You have a right to request access to your personal information when it’s held by an organisation covered by the Privacy Act.

This includes Australian Government agencies, businesses with an annual turnover of more than $3 million, health service providers, and some other organisations.

Personal information is information about you, like your name, address or phone number, photographs or signature

It also includes sensitive information, like your health information, credit report or tax file number, any criminal records, your racial or ethnic origin, and political or religious beliefs.

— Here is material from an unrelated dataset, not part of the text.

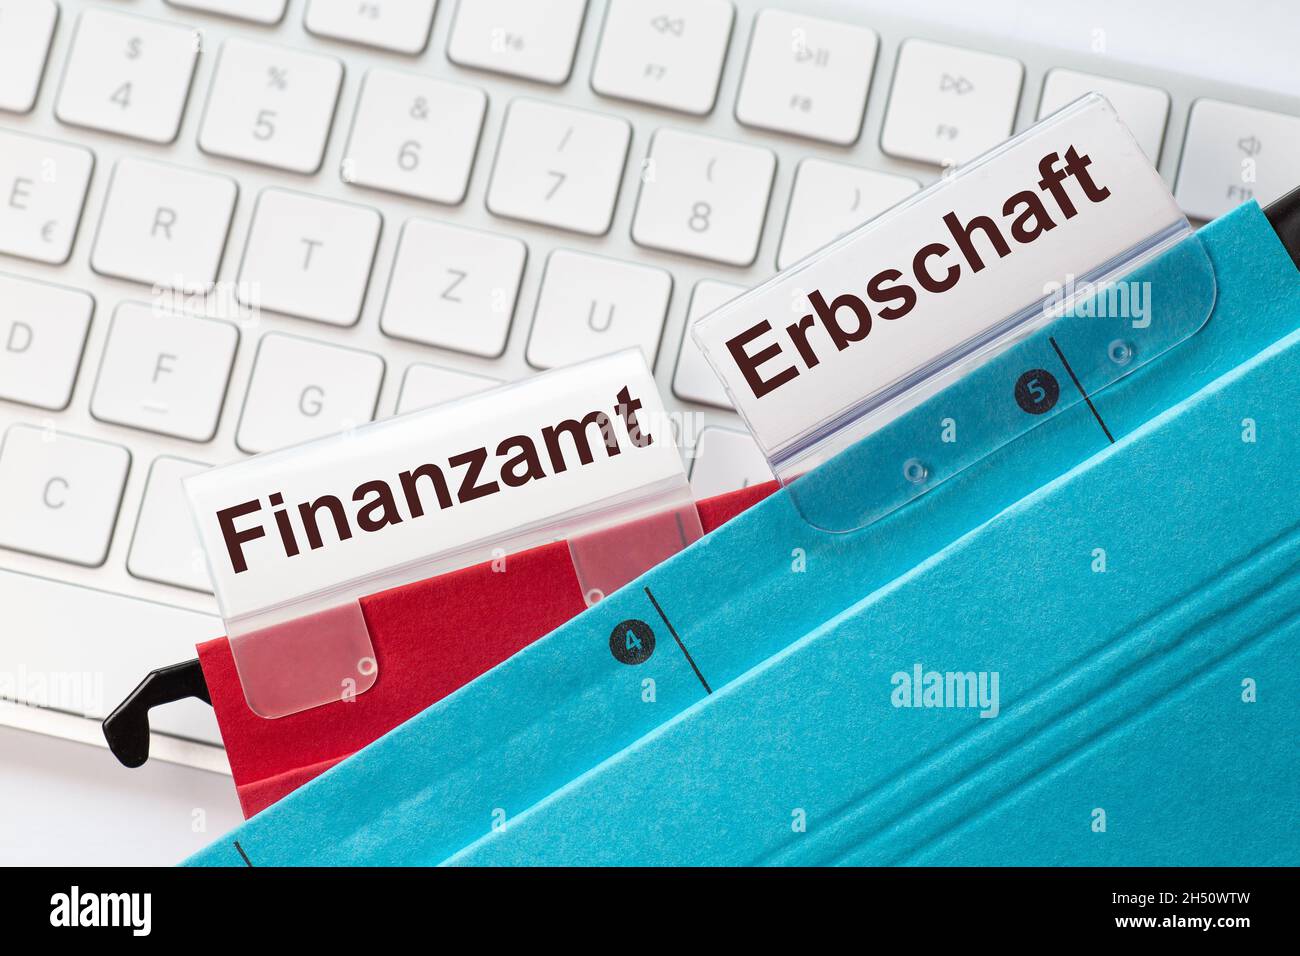 Les mots allemands bureau d'impôt et héritage peuvent être vus sur les étiquettes d'un rouge et bleu dossiers suspendus.Les dossiers suspendus se trouvent sur un clavier d'ordinateur Banque D'Images
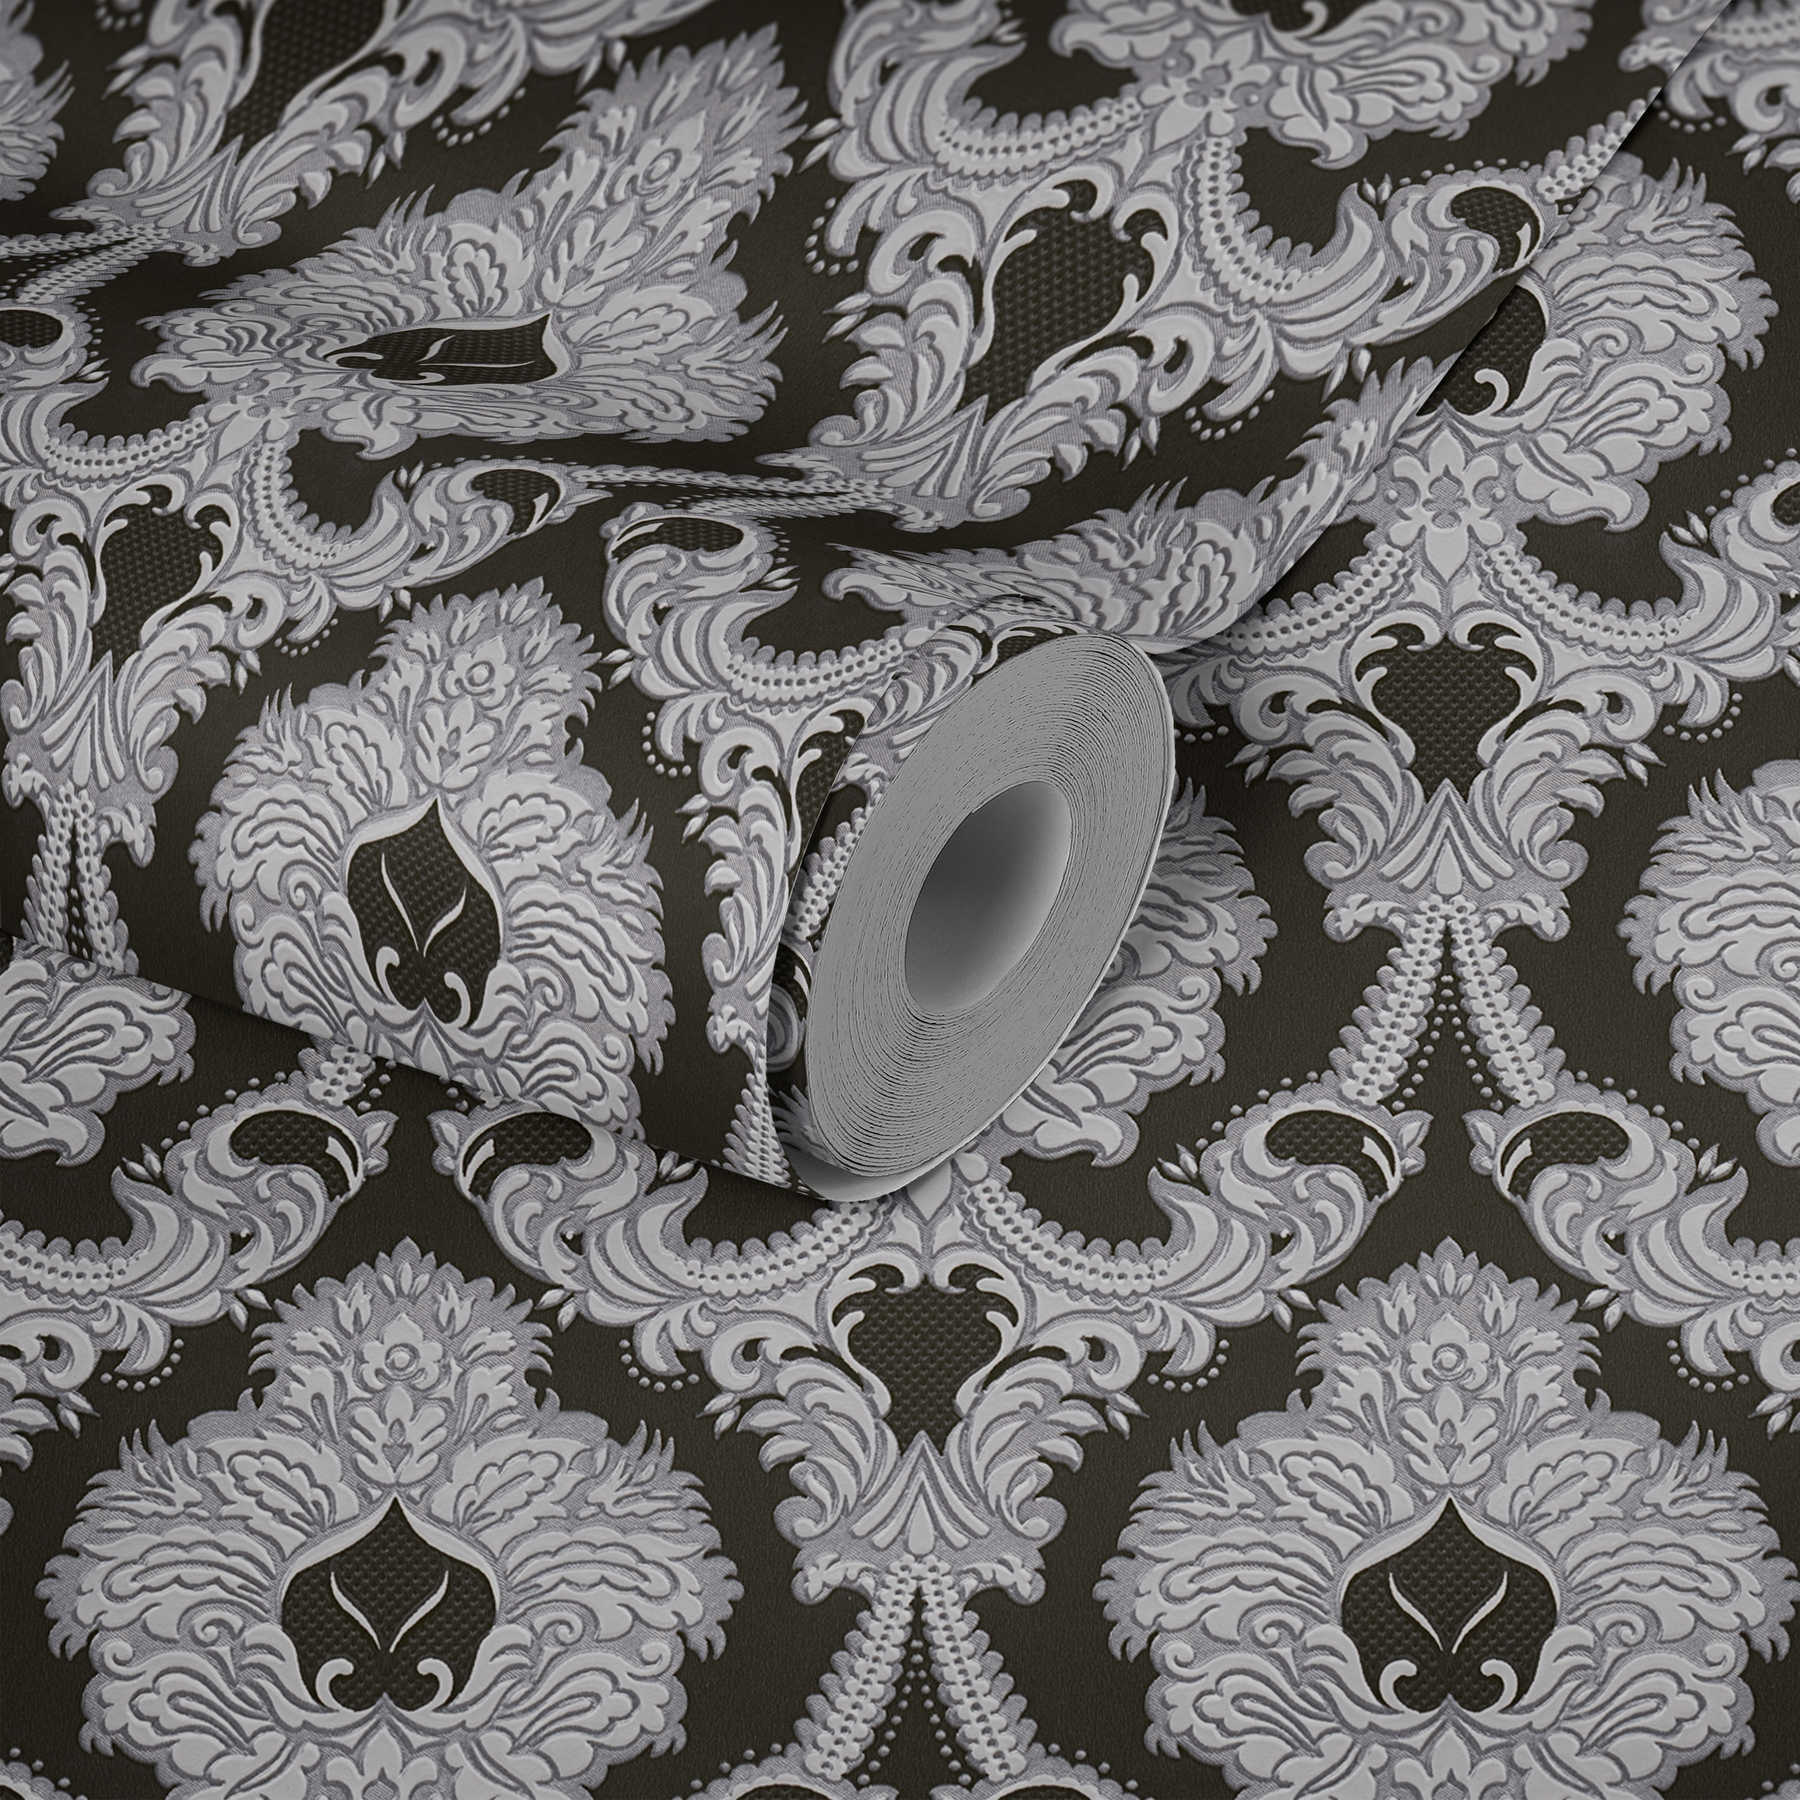             Opulente Ornament-Tapete, silberne Akzente – Silber, Schwarz, Weiß

You only have a right to request access to personal information about you when it’s in a record or publication.

The organisation that holds the information must carry out a reasonable search of their records to find what you’ve asked for.

In some cases, they may be able to charge you for the cost of giving you access.

They may also provide you with a summary, instead of a copy of the original record.

They may be allowed to refuse access, including when:

  • It would have an unreasonable impact on other people’s privacy
  • Another law or a court order says it’s not allowed, or
  • they reasonably believe it would pose a serious threat to life, health or safety.

The organisation must give you clear reasons for refusing access, in writing.

If you believe your request has been mishandled, or it hasn’t been dealt with in a reasonable timeframe – generally 30 days – you should complain to the organisation first.

If you’re unhappy with their response, you can complain to us at the OAIC.

We’ll work with both parties to try to resolve the issue. That may mean:

  • Asking the organisation to respond to you, or to check their records and make sure they’ve carried out reasonable searches, and
  • Encouraging them to give you access

We may then be satisfied that they have acted reasonably; or, we may attempt to conciliate your complaint.

The Commissioner can also make a determination about access to your personal information. An organisation may be required to apologise, provide you with access to your personal information or pay compensation if you’ve been caused damage.